Erst gab die Kanzlerin den US-Geheimdiensten eins auf die Ohren. Jetzt geht es um Augenhöhe: "Five Eyes" nennen sich die fünf Freunde, die sich seit Jahrzehnten einen Nicht-Abhör-Pakt schwören. Mit den USA gehören Großbritannien, Kanada, Australien und Neuseeland zum Club der exklusiven Spione. Deutschland, meinen zwei US-Kongress-Abgeordnete, könnte nun das sechste Auge werden. Die Republikaner Tim Ryan und Charles Dent haben bereits einen Brief an Präsident Barack Obama geschrieben. "Wir fordern darin, dass der Präsident Verhandlungen anstößt, um Deutschland in das 'Five Eye'-Abkommen mit einzuschließen", erklärte Dent der DW.

Der Brief, der der DW vorliegt, ist auf den 6. November datiert. Geht Obama darauf ein, könne dies eine große Liebespille für das Verhältnis zwischen Berlin und Washington sein, meint der Angeordnete aus dem Bundesstaat Pennsylvania: "Es wäre unter dem Abkommen verboten, die Staatschefs der befreundeten Länder auszuspionieren. Und es beinhaltete noch andere Dinge, die vermutlich nicht öffentlich würden", so Dent. "Das könnte eine ohnehin starke Partnerschaft, wie wir sie mit Deutschland haben, noch ausbauen."

Mehr Transparenz

Auch in den Reihen der Demokraten kommt die Idee gut an. "Ich denke, das wäre förderlich", meint etwa der Abgeordnete William Keating. Er ist überzeugt, dass das Weiße Haus bereits auf Hochdruck auf ein Abkommen arbeitet, dass die NSA-Verstimmung in Berlin beseitigt. "Ich denke, dass sie gerade an Richtlinien für eine transparente Geheimdienst-Politik arbeiten, die auch unsere Sicherheitsinteressen berücksichtigt. Und ich glaube, das kann gelingen", so der Abgeordnete aus dem Staat Massachusetts.

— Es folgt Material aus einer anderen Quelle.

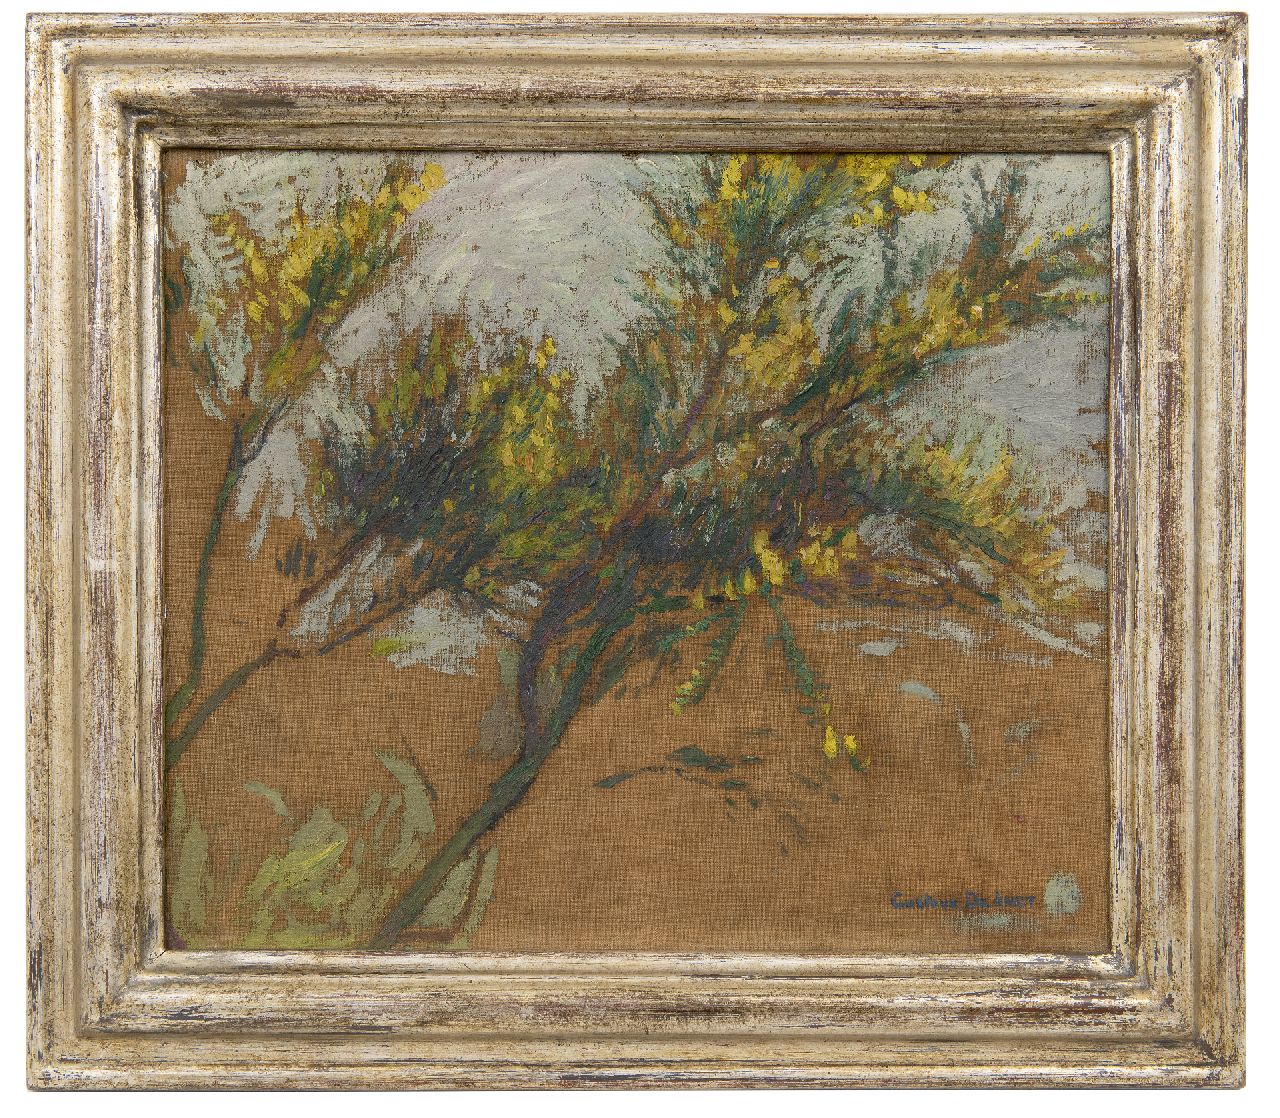 Smet G. de | Gustave de Smet | Paintings offered for sale | Tree study, oil on canvas 33.2 x 40.0 cm, signed l.r.
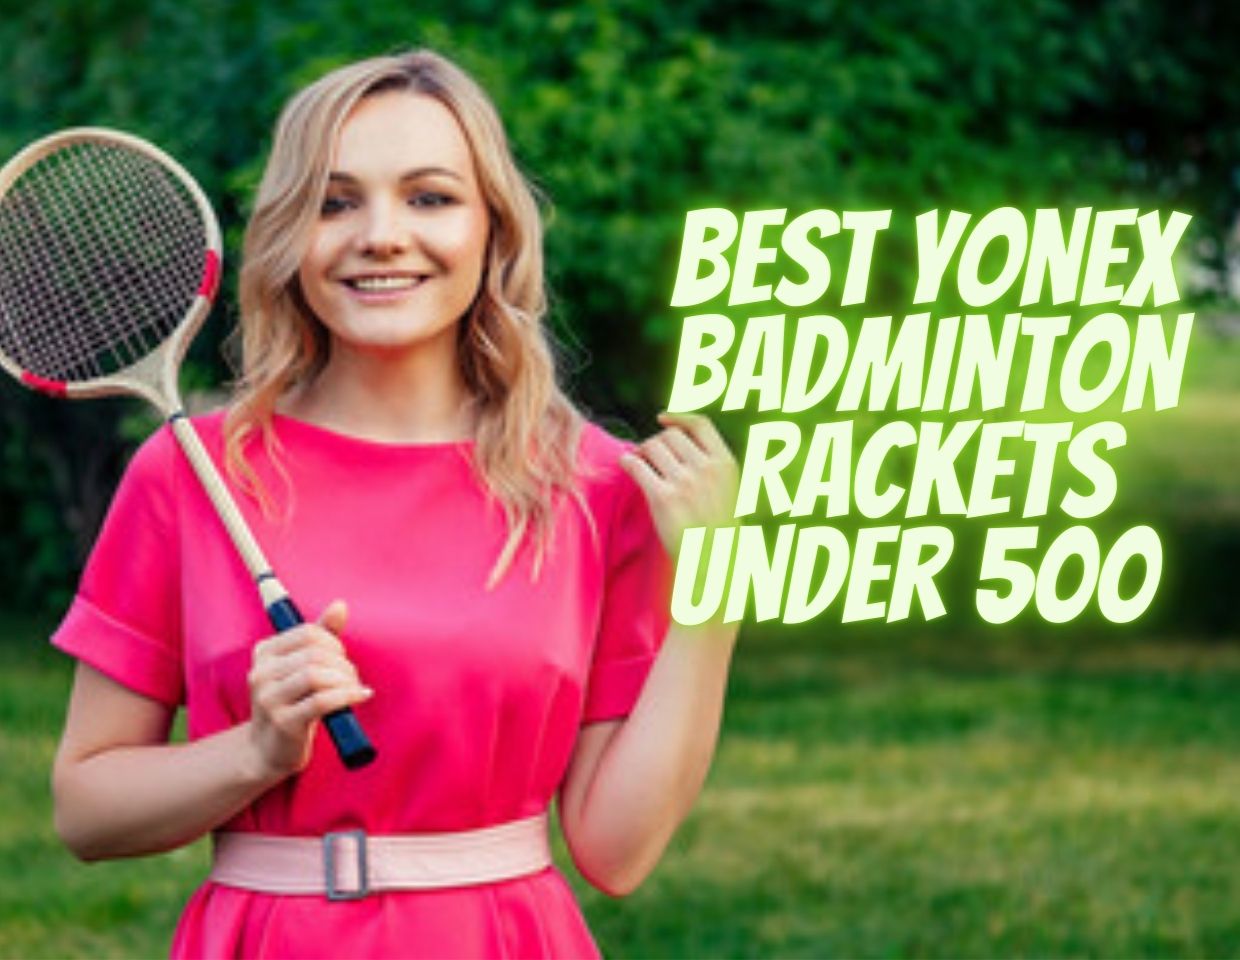 Best Yonex Badminton Rackets Under 500 |Reviews |Buying Guide

Keatings Ansicht nach müsste diese Diskussion aber nicht allein in den USA geführt werden. Nur weil ein Staat über bestimmte Technologien verfüge, müsse er diese nicht einsetzen, wenn das nicht unbedingt nötig sei. "Ich denke, es wäre hilfreich, diesen Vorstoß gemeinsam mit anderen Staaten zu machen. Wir wüssten dann auch, welche Länder sich derselben Politik verschrieben."

Ganz so einfach, wie es zunächst aussieht, wäre so ein erweitertes Spionageabkommen allerdings nicht, warnt Fred Fleitz, langjähriger CIA-Mitarbeiter und Ex-Mitglied des Geheimdienstausschusses im US-Abgeordnetenhaus. "Was mir bei einem solchen Abkommen Sorgen macht, ist, dass wir Deutschland ein Angebot machen würden, das wir anderen Ländern in Europa nicht machen können."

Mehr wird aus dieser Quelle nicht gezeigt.